Rock Review: Phish — A Yin-and-Yang Scenario at Fenway Park

By Paul Robicheau

Saturday’s performance made up for a rain delay with the longest single set since the band’s millennium-greeting Everglades marathon.

Page McConnell and Trey Anastasio at Fenway Park. Photo: Paul Robicheau.

Each show tends to be completely different when you’re an improvisational rock band, especially one with the stylistic breadth of Phish, which ranges from goofy standard rockers to extended, abstract jams. Add a drenching thunderstorm like the one that delayed Saturday’s second of two nights for Phish at Fenway Park and you have a yin-and-yang scenario that only makes it more confusing to discern the headspace that drives both the band and its fervent following.

Unlike most classic-rock outfits (including Dead and Company), the Vermont-bred quartet has dipped into a well of new material this summer, including albums by side project Ghosts of the Forest and joke band Kasvot Växt. That fictional Scandinavian group, which Phish posed as last Halloween, suggests a jam-rock Spinal Tap. On Friday, “Say it To Me S.A.N.T.O.S” annoyed with its silly refrains of “This is what space smells like” and “Heigh ho! Heigh ho! Heigh ho!” Yet fans at Phish’s first Fenway show since the group returned from a five-year breakup in 2009 danced and shouted along, much as they continued with anthemic set-closer “Character Zero.”
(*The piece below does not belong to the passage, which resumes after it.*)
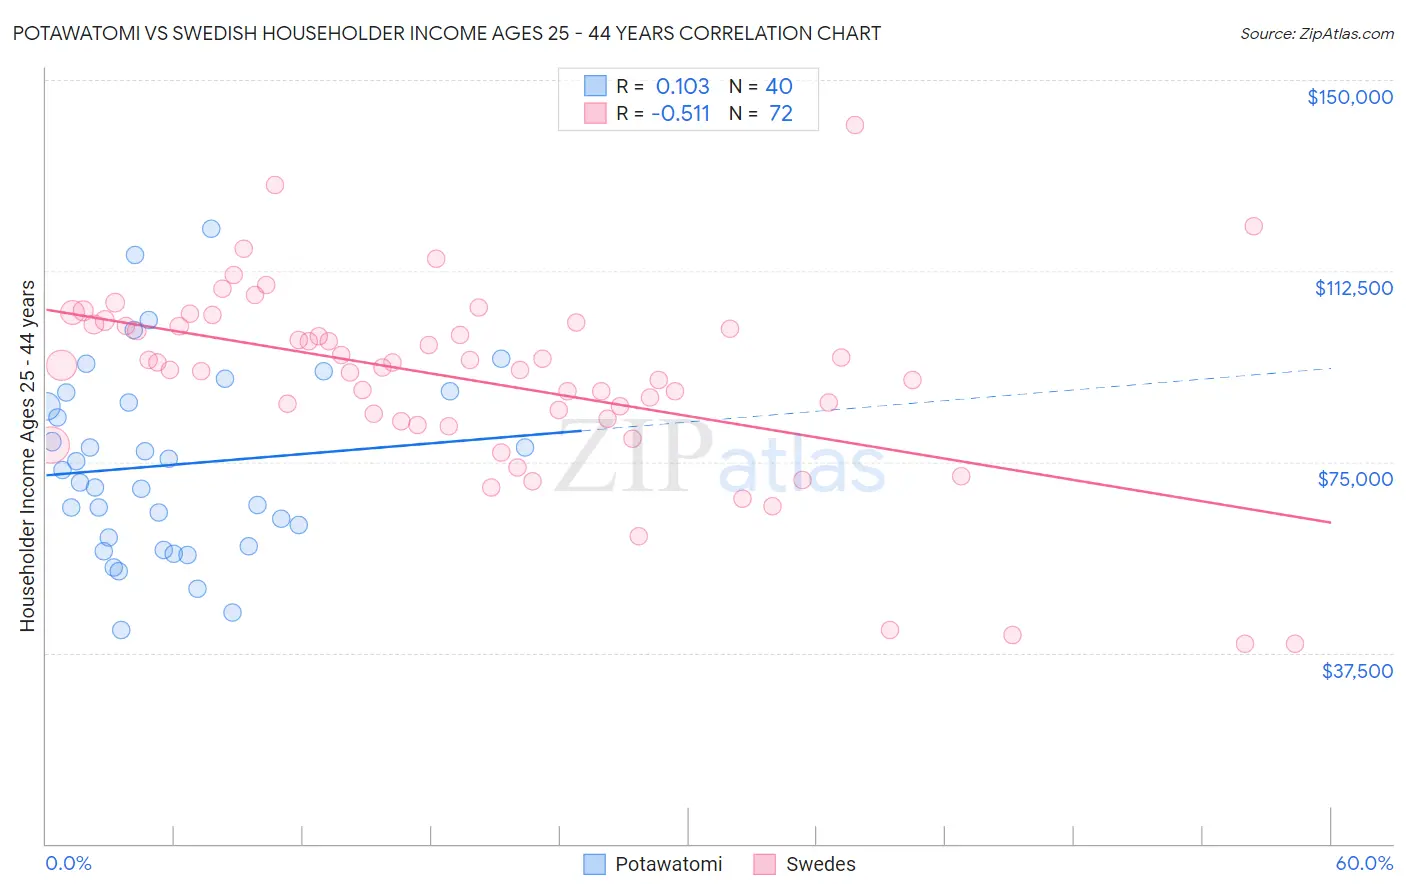 Potawatomi vs Swedish Householder Income Ages 25 - 44 years

Yes, Friday’s show came as close as Phish does to good-time stadium rock, easing into the fading sunlight with “Free” and the funky new strut “Blaze On,” where singer/guitarist Trey Anastasio sang “We’ll be dancing in the fields.” It was a scene far different from Connecticut’s Mohegan Sun Arena, where the group will play indoors this week to an exclusive crowd that’s one third the size. Action picked up in the second set with the cyclical groove of “Sand,” a bashing/lurching “Axilla” (pushed by Page McConnell’s organ) and the rising new suite “Mercury,” where drummer Jon Fishman dipped into a synth-marimba break. Phish also nailed the proggy “Fuego,” spouting absurdist lyrics about Viking warriors, Vlad the Impaler, and angels blowing horns. Granted, the band played well, even sounding surer than usual with multi-part harmonies. And the sound was excellent, aided by speaker towers spaced in a ring around the ball field. But Friday proved a light night tilted to standard frivolity, shortchanging the potential of Phish’s palette.
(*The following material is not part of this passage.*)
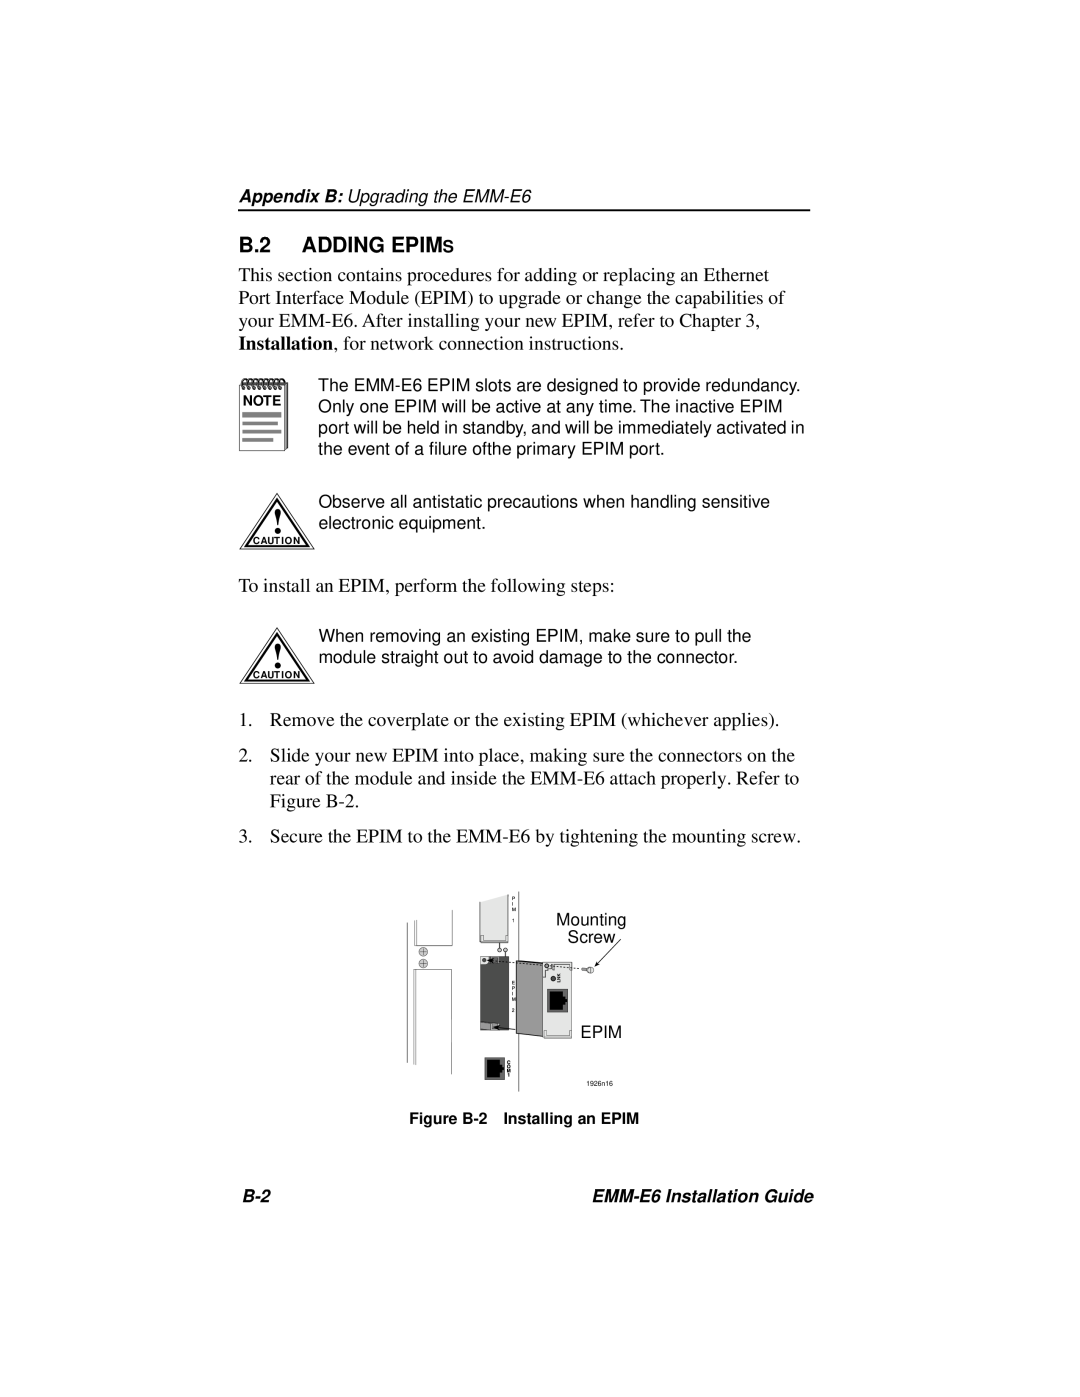 Cabletron Systems EMM-E6 manual B.2 ADDING EPIMS

Phish at Fenway Park. Photo: Paul Robicheau.

Anticipation built for a flip-side burner on Saturday, even before thunderstorms flashed lighting and drenching rain that prompted a late opening of the park and the band to take the stage two hours after showtime. But it literally set up a day-and-night difference. Phish dispensed with its usual two-set format, emerging in shower-tempered darkness to bite into the nasty riff of “Carini” and kick off a 160-minute show that skipped intermission and blew 40 minutes past curfew.
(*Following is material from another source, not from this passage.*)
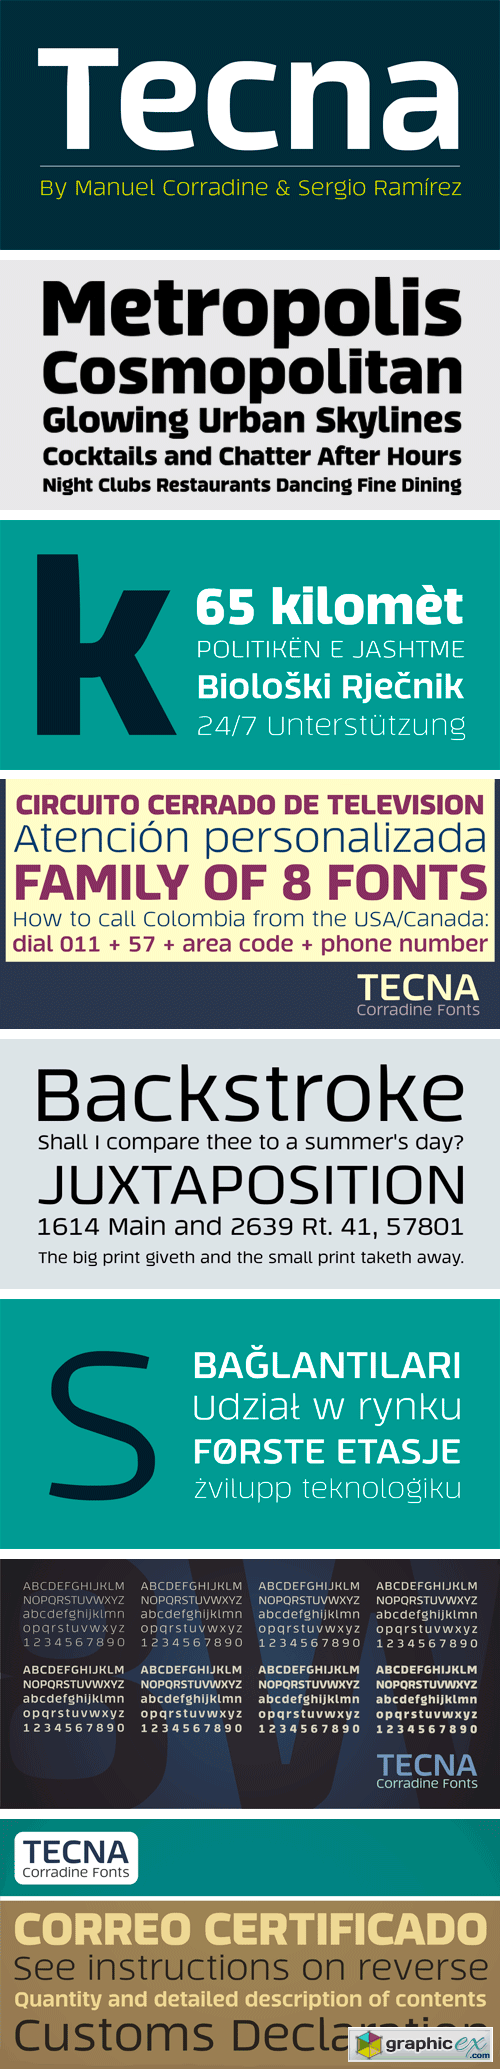 Tecna Font Family - 8 Fonts for $100

The group displayed no immediate urgency, though slow funk vehicle “Wolfman’s Brother” surprisingly deconstructed into a soaring, guitar-spiked jam. And Phish continued to methodically work through its longest single set since a millennium-greeting Everglades marathon, throwing in elastic compositions as the blossoming “Reba” and rhythmically tricky rarity “Mound,” where Sudbury-bred Mike Gordon rode his meaty bass into the upper registers. “Down With Disease” stretched into a longer minor-key excursion, and the set reached a mighty culmination when a spotlight-whirling vamp on Deodato’s theme from 2001: A Space Odyssey dropped into a menacing “Split Open and Melt,” Anastasio’s dark tone dripping over the shifting time signatures.

Phish’s Mike Gordon at Fenway Park. Photo: Paul Robicheau.

A dynamic mid-set “About to Run” — from the guitarist’s Ghosts of the Forest, inspired by a close friend’s death — also injected serious pathos in Anastasio’s sober ruminations about desperation with Hendrix-ian guitar howls to match. By contrast, the refrain of later Kasvot Växt number “Death Don’t Hurt Very Long” seemed senseless, another in-joke to lighten the load along with the tequila-toasting ditty “Mexican Cousin” and sing-along oldie “Suzy Greenberg.”

Not generally a band given to socio-political commentary, Phish raised an olive branch for unity in the new “Rise/Come Together,” which opened the encore with Anastasio singing “We’re all looking for a little more love, to shine a light and lift us up.” But then “Wilson” — a rowdy number from the guitarist’s college thesis about a fantasy kingdom — came crashing in to cap the long evening, imploring “I must inquire, Wilson, can you still have fun?!” With glowsticks flying in the air instead of raindrops, the crowd heartily answered in the affirmative.


Paul Robicheau served as the contributing editor for music in The Improper Bostonian in addition to writing and photography for The Boston Globe, Rolling Stone and other publications.